The clues were THERE!

09 January 2022

You can kind of guess how a lot of films are going to end, at least vaguely. If it’s a romantic comedy, the two charming leads will, after a tumultuous eightyish minutes involving amusing but frustrating misunderstandings, realise how much they love one another and get together before the credits roll. If it’s a slasher film, there’s probably a maximum of two main characters that’ll make it all the way through. James Bond won’t die but will get it on with (at least) one female.

Some films go a little bit further though, adding in little hints and snippets of foreshadowing, whether revealing a secret early or just indulging a bit of aren’t-we-cleverism, leaving little clues that upon rewatching, make you go, “Whoooooaaaa, it was there all along!”

SPOILERS! But, then you already knew that, didn't you?

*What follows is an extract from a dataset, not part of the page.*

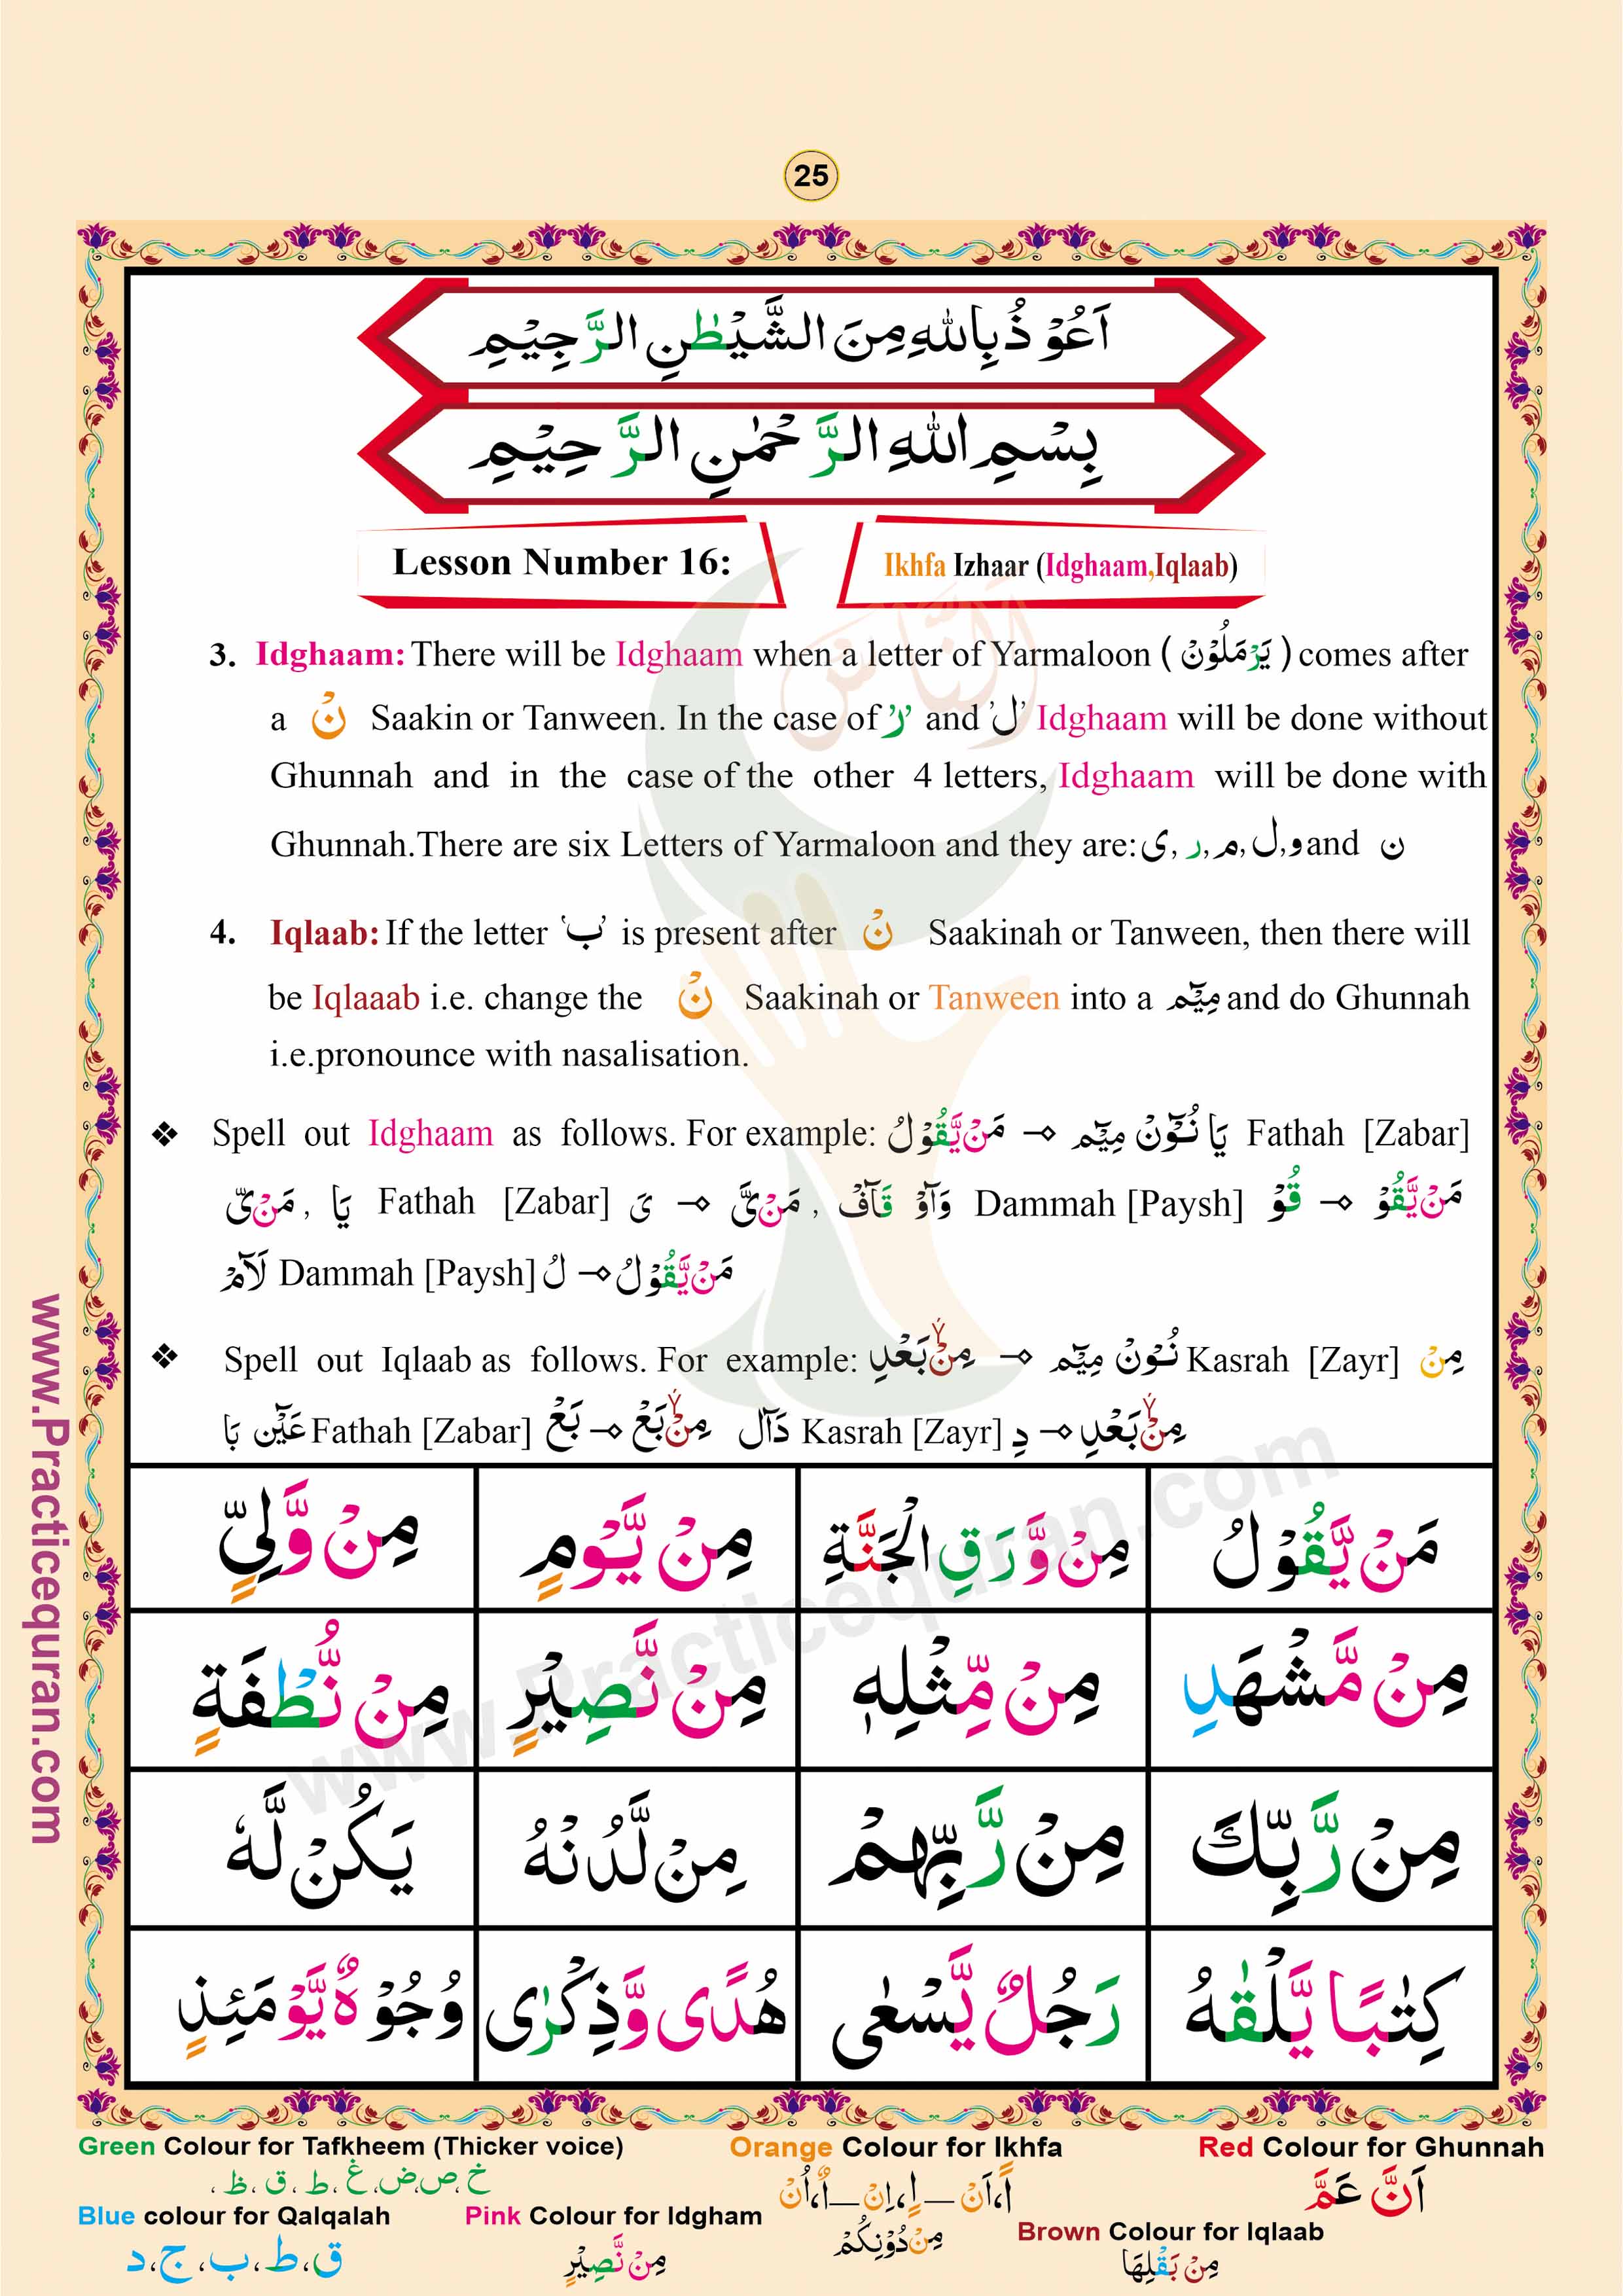 Read English Noorani Qaidah Page No 25, Practice Quran

Amazing movies that secretly gave away their own endings

1. Interstellar

One of the first lines of dialogue in the whole film is Matthew McConaughey’s daughter Murph saying “I thought you were the ghost” - books are mysteriously falling from shelves in her room, which she ascribes to a haunting. As the film goes on, and McConaughey finds himself in a five-dimensional tesseract trying to reach back across time and space to his daughter, we realise, yeah man, she was right, he’s the ghost. It takes him until the last conversation he has with her, when she is a dying old lady, for the penny to finally drop for him.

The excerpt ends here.